Women in the postpartum who knew about FP were more likely to utilize PPFP than their counterparts. This result was in line with other studies conducted in Africa [74, 75]. This tells us that women’s exposure to FP information can increase demand for FP services and that sub-Saharan countries need to prioritise raising awareness on PPFP. This can cause positive behavioural change [76], addressing unmet FP needs, and help prevent abuse and unsafe abortion [77, 78]. While very little is known in Africa about the latter, the few existing studies suggest high rates of unsafe abortion and that improving FP services would be the best solution to prevent abortion [78, 79], corroborating therefore Bwazi et al. [54] who revealed a high rate of abortion among their respondents.

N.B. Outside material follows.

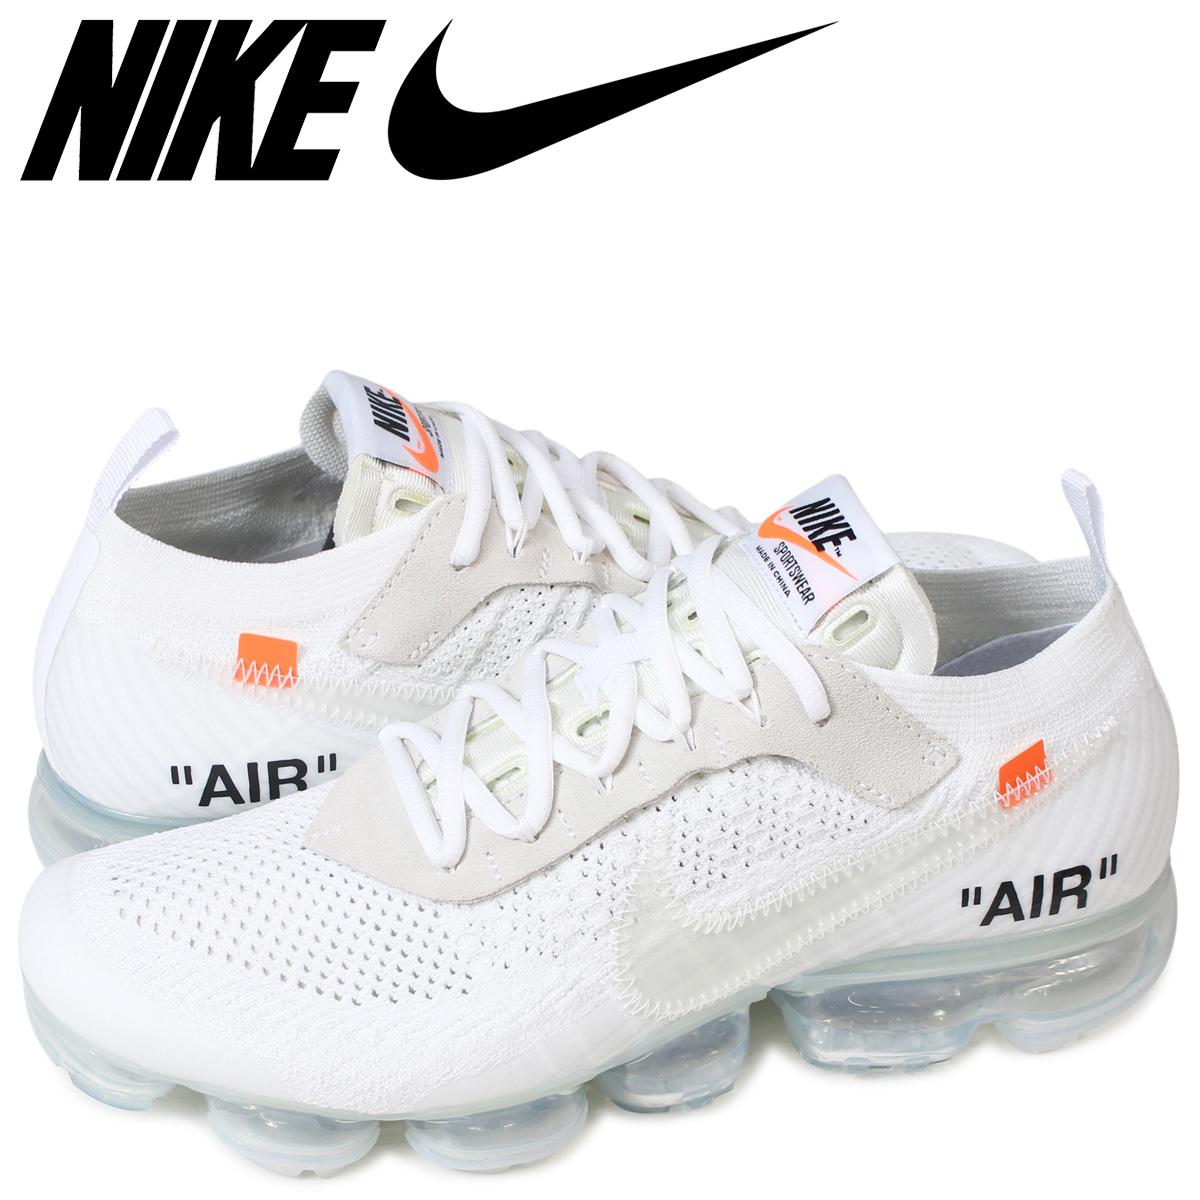 0a6977a2eaf ALLSPORTS  NIKE AIR VAPORMAX FLYKNIT THE TEN Nike air vapor max ...
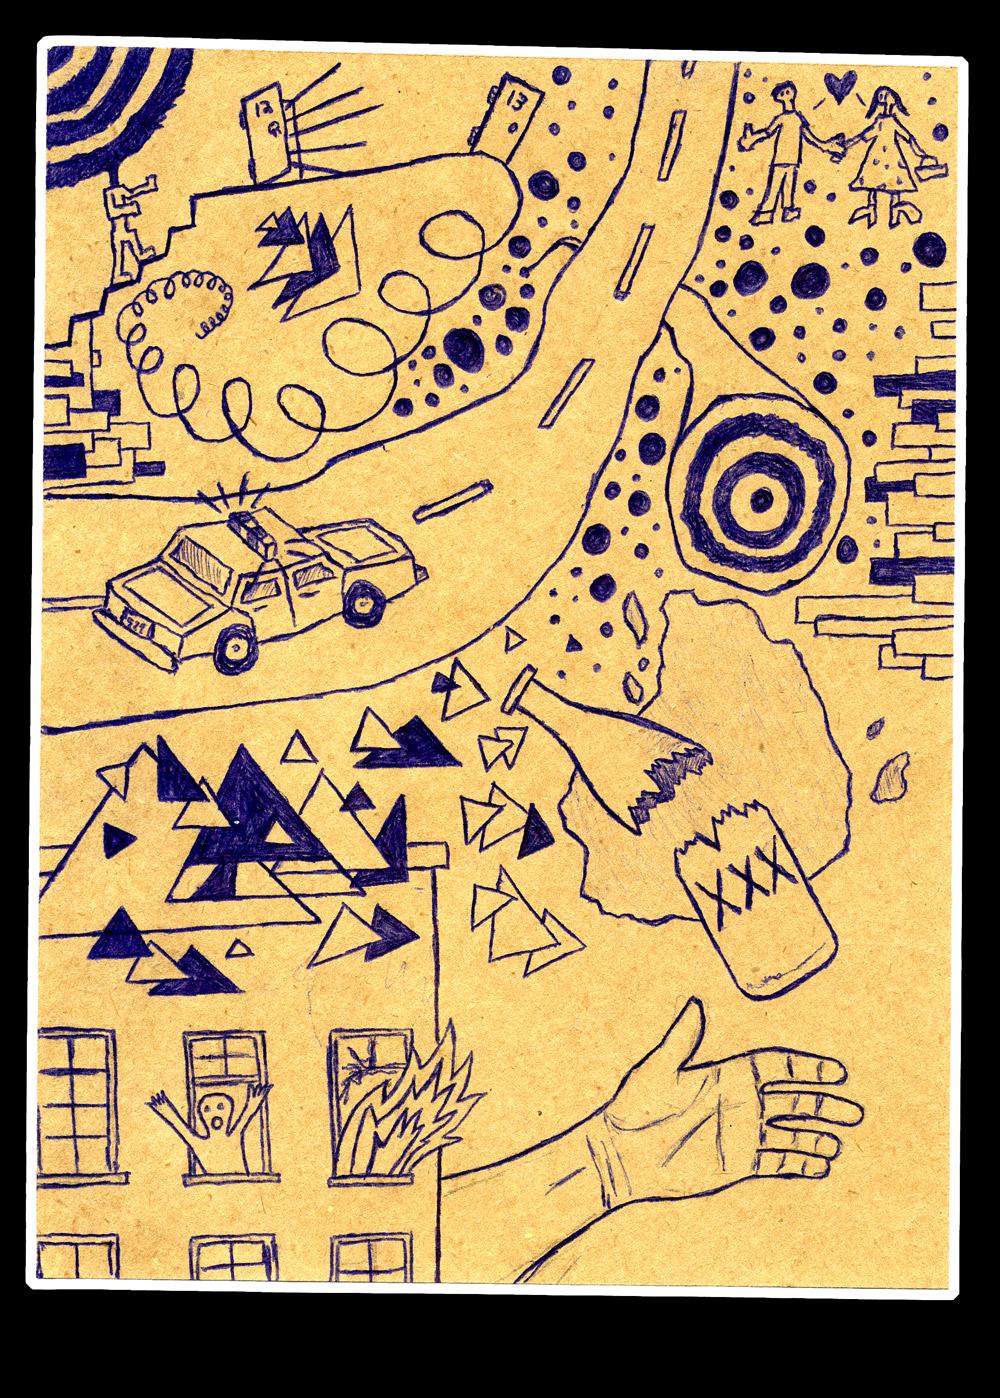 Final-Doodle.jpg

Findings from this review have also highlighted the influence of partners in using PPFP. The role of spouses’ disapproval and discussing using modern contraceptives with male partners shows how deep the inequity is in the household in terms of decision making. In most, if not all, SSA countries, the husband generally makes all important decisions for the family, including reproductive ones [80]. Sometimes secret contraceptive use is adopted where a woman in a family faces opposition and barriers to FP utilisation. However, FP users mostly respect their husbands’ decisions. This highlights the need for husbands or male partners to be involved in maternal health services and, most importantly, encouraged to accompany their wives/partners to ANC and PNC services as recommended in some Asian countries [81].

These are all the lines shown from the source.